Security payoff: this is the shared vocabulary. Without it, every job ad, incident report, cert question, and security tool reads like a foreign language.
5. Cloud
You learn what the cloud really is: someone else’s computers, wrapped in APIs, billing, identity, and managed services.
Security payoff: IAM mistakes, public S3 buckets, exposed keys, insecure security groups, logging gaps, shared responsibility, and the cloud patterns companies actually hire for.
6. AI/ML Security
You learn how models enter the security picture: training vs inference, LLMs, RAG, agents, prompt injection, model extraction, data poisoning, OWASP LLM Top 10.
Security payoff: AI systems are becoming part of normal business infrastructure. A defender who understands both cloud and AI attack surfaces has a sharper story than someone who only memorised old categories.
The Feynman test
Here is the test for every CyberGym note:
If you cannot explain the concept to a curious beginner without hiding behind jargon, you do not understand it well enough yet.
That does not mean the lesson should be shallow. It means the ladder should have small rungs.
For each topic, the pattern is:
- Start with the ordinary thing: a desk, a road, a locked room, a receptionist, a filing cabinet.
- Map the ordinary thing to the technical thing.
- Name the real term.
- Show why an attacker cares.
- Show what a defender would inspect.
That is the tone we want: easy to enter, deep enough to matter.
In one sketch
CyberGym
|
------------------------------------------------
| | | | | |
Machine OS Networking Security Cloud AI/ML
| | | | | |
------------------------------------------------
|
Programming Literacy
(the bridge language)Every phase walks around the same map again. Phase 0 gives the street names. Phase 1 adds detail. Phase 2 makes cloud security practical. Phase 3 takes the AI/ML security lane seriously.

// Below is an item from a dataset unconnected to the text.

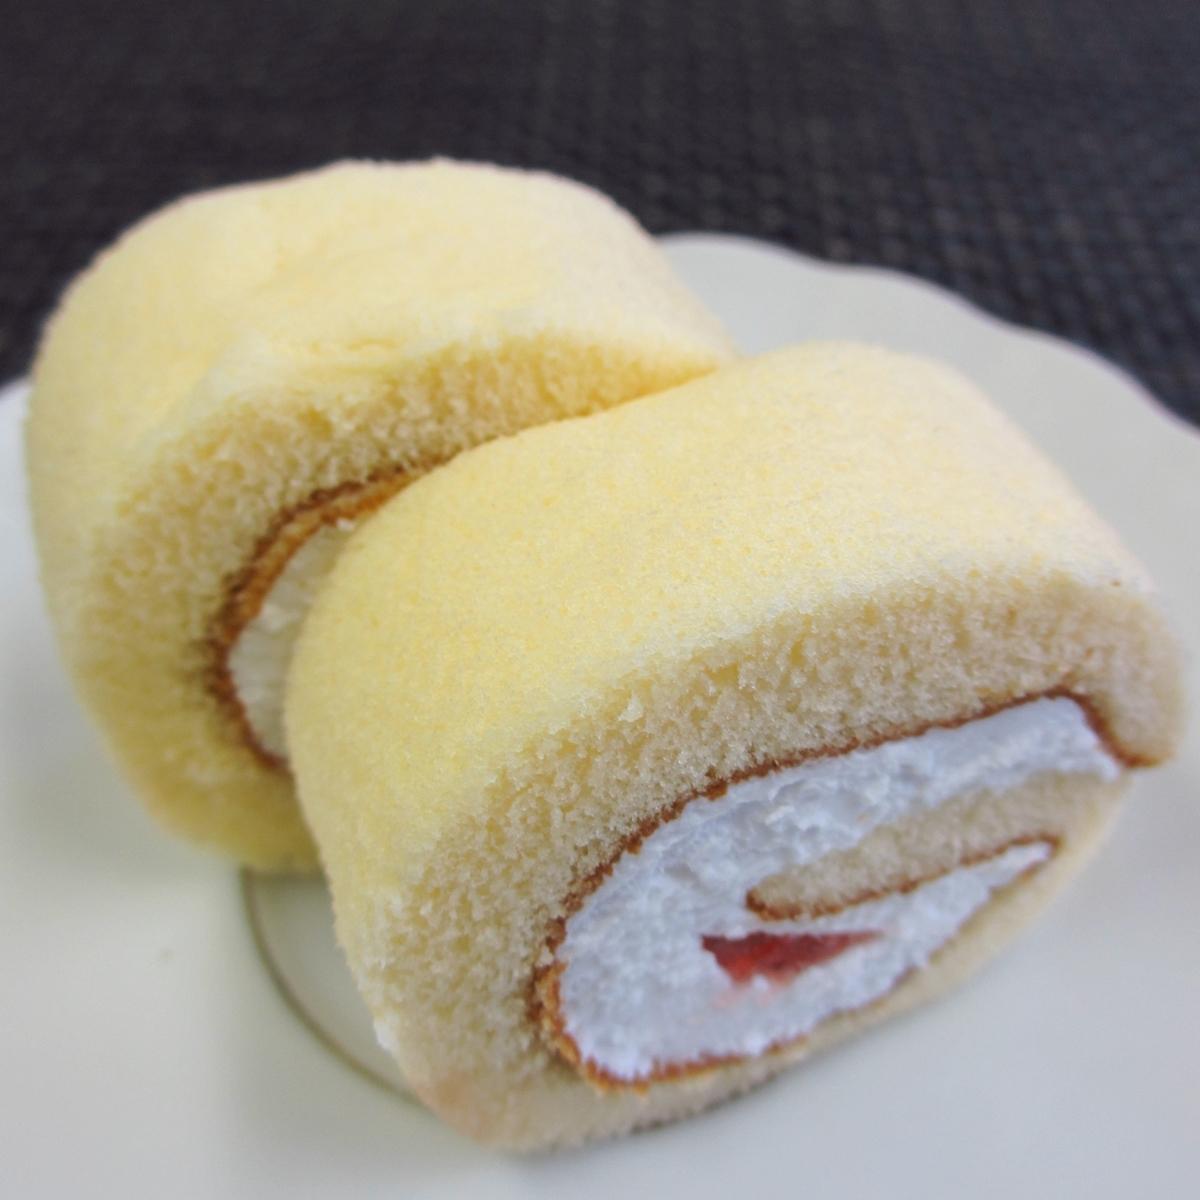 イチゴのロールケーキ20150627 (3)

References and image credits
- Computer-motherboard.jpg — Marcin Wieclaw, CC BY-SA 4.0.
- Operating_system_architecture.svg — Skjackey tse, public domain.
- OSI_Model_v1.svg — Offnfopt, public domain / CC0.
- CIAJMK1209-en.svg — Michel Bakni, CC BY-SA 4.0.
- Cloud_computing.svg — Sam Johnston, CC BY-SA 3.0.
- Artificial_neural_network.svg — Cburnett, GFDL / CC BY-SA 3.0.
Memory peg
Cybersecurity is not one subject. It is six lenses pointed at the same machine. Learn the lenses early; deepen them for the rest of your career.